Buerli Thomas, Pellegrino Christophe, Baer Kristin, Lardi-Studler Barbara, Chudotvorova Ilona, Fritschy Jean-Marc, Medina Igor, Fuhrer Christian
Department of Neurochemistry, Brain Research Institute, University of Zürich, Winterthurerstrasse 190, CH-8057 Zürich, Switzerland.
Nat Protoc. 2007;2(12):3090-101. doi: 10.1038/nprot.2007.445.
Efficient and long-lasting transfection of primary neurons is an essential tool for addressing many questions in current neuroscience using functional gene analysis. Neurons are sensitive to cytotoxicity and difficult to transfect with most methods. We provide a protocol for transfection of cDNA and RNA interference (short hairpin RNA (shRNA)) vectors, using magnetofection, into rat hippocampal neurons (embryonic day 18/19) cultured for several hours to 21 d in vitro. This protocol even allows double-transfection of DNA into a small subpopulation of hippocampal neurons (GABAergic interneurons), as well as achieving long-lasting expression of DNA and shRNA constructs without interfering with neuronal differentiation. This protocol, which uses inexpensive equipment and reagents, takes 1 h; utilizes mixed hippocampal cultures, a transfection reagent, CombiMag, and a magnetic plate; shows low toxicity and is suited for single-cell analysis. Modifications done by our three laboratories are detailed.
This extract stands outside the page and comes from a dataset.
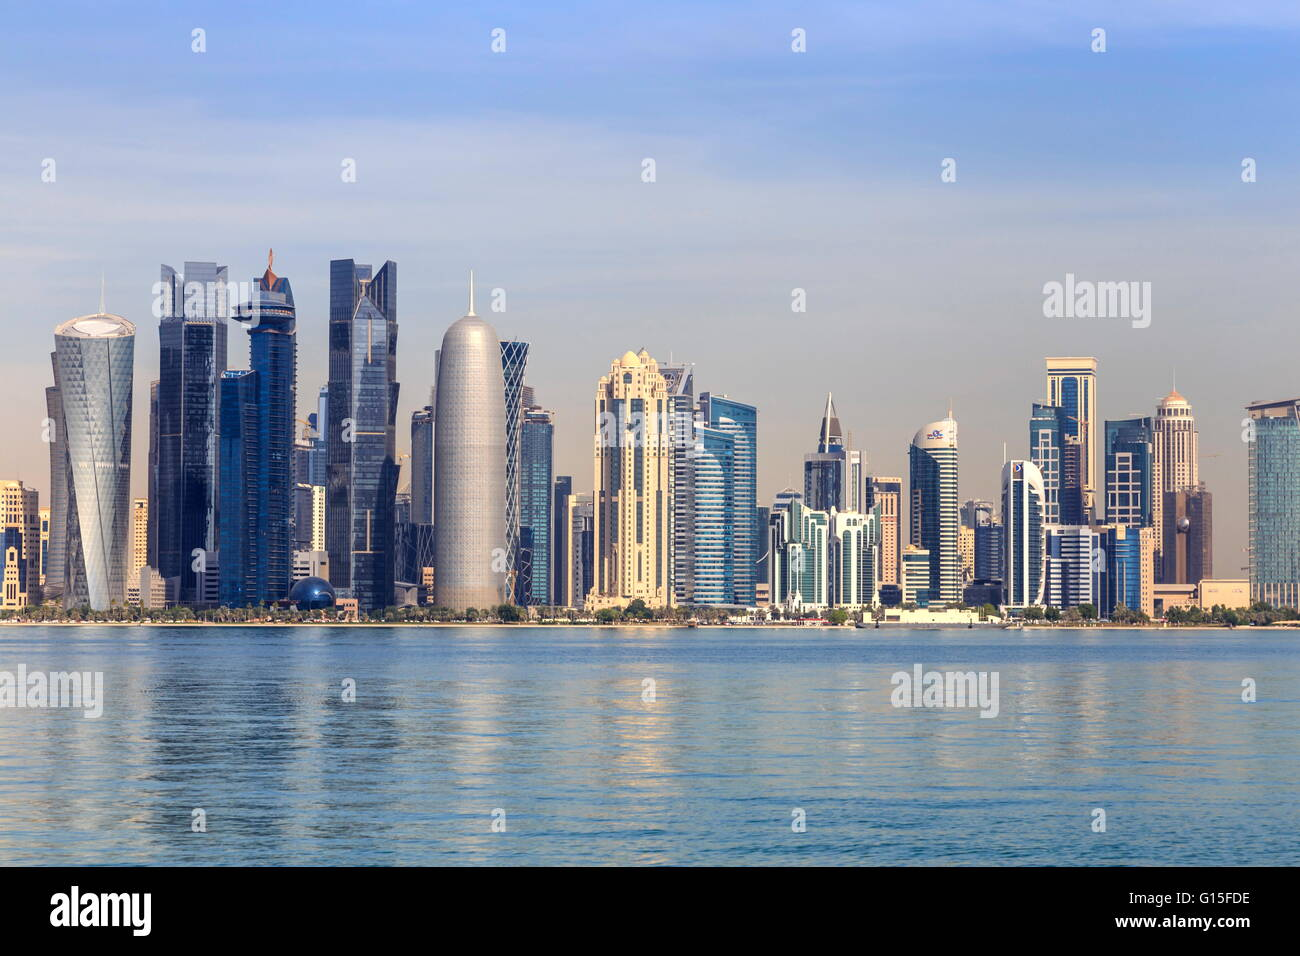 La ville moderne de West Bay, à travers les eaux calmes de la baie de Doha, à partir de le boutre Harbour, Doha, Qatar, Moyen-Orient Banque D'Images

对原代神经元进行高效且持久的转染,是运用功能基因分析解决当前神经科学诸多问题的一项重要工具。神经元对细胞毒性敏感,采用大多数方法进行转染都很困难。我们提供了一种使用磁转染将cDNA和RNA干扰(短发夹RNA(shRNA))载体转染到体外培养数小时至21天的大鼠海马神经元(胚胎第18/19天)中的方案。该方案甚至允许将DNA双转染到一小部分海马神经元(γ-氨基丁酸能中间神经元)中,同时实现DNA和shRNA构建体的持久表达,且不干扰神经元分化。此方案使用廉价的设备和试剂,耗时1小时;利用混合海马培养物、一种转染试剂CombiMag和一块磁板;毒性低,适用于单细胞分析。我们三个实验室所做的修改也有详细说明。